De plus, à partir des années 2010 et au-delà, la prolifération des smartphones et des médias sociaux a radicalement changé la distribution des informations sur les sabres. Les photographies de sabres publiées sur les médias sociaux parviennent aux spectateurs du monde entier en un instant, augmentant rapidement le nombre de jeunes fans de sabres. La distribution de livres spécialisés sur les sabres japonais sous forme de livres électroniques progresse également, et un environnement émerge où les passionnés étrangers de sabres japonais peuvent plus facilement accéder aux publications spécialisées en japonais.
Le plus grand défi auquel font face les publications modernes sur les sabres est le vieillissement du lectorat des livres spécialisés et la réduction de la taille du marché. Les catalogues illustrés qui se vendaient autrefois par milliers d'exemplaires voient maintenant souvent des premières éditions d'un millier d'exemplaires ou moins. Les éditeurs traitant du contenu très spécialisé trouvent difficile d'assurer la rentabilité, et les cas d'auteurs s'appuyant sur l'auto-édition augmentent.

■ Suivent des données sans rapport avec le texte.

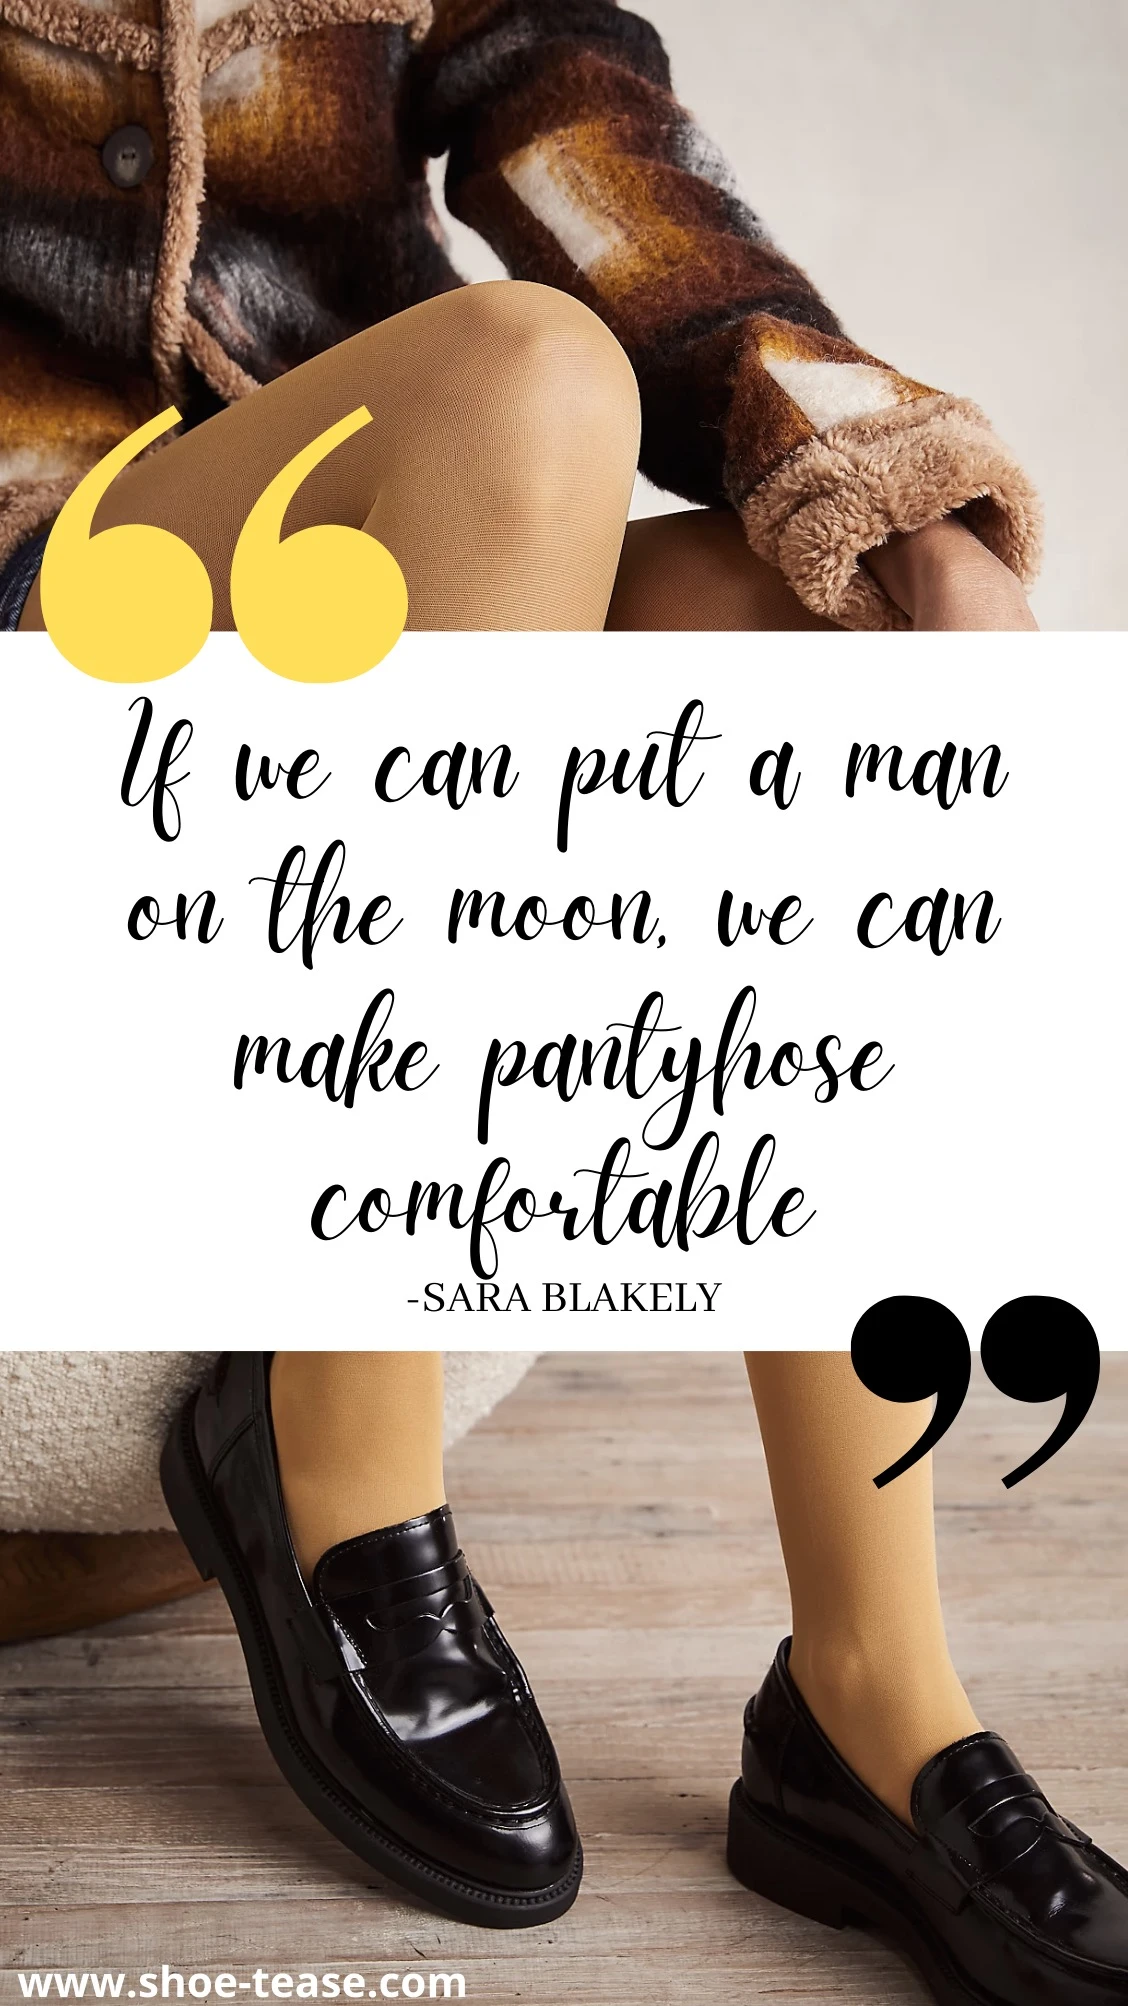 Text reading If we can put a man on the moon, we can make pantyhose comfortable by Sara Blakely over woman's legs wearing yellow tights and black loafers.

En réponse, la publication de livres spécialisés utilisant le financement participatif a attiré l'attention en tant que nouvelle méthode. Des cas de livres de recherche spécialisés dans des forgerons d'épées ou des régions particuliers publiés avec des fonds levés auprès des enthousiastes se sont produits successivement, prouvant qu'une demande de niche mais stable existe. De plus, les explications vidéo via les chaînes YouTube et le contenu audio via les podcasts réalisent également un certain effet dans l'acquisition de la prochaine génération de fans de sabres. Le rôle d'« enregistrement et de transmission des connaissances sur les sabres » que les livres spécialisés ont joué sera probablement hérité sous les deux formes numériques et imprimées.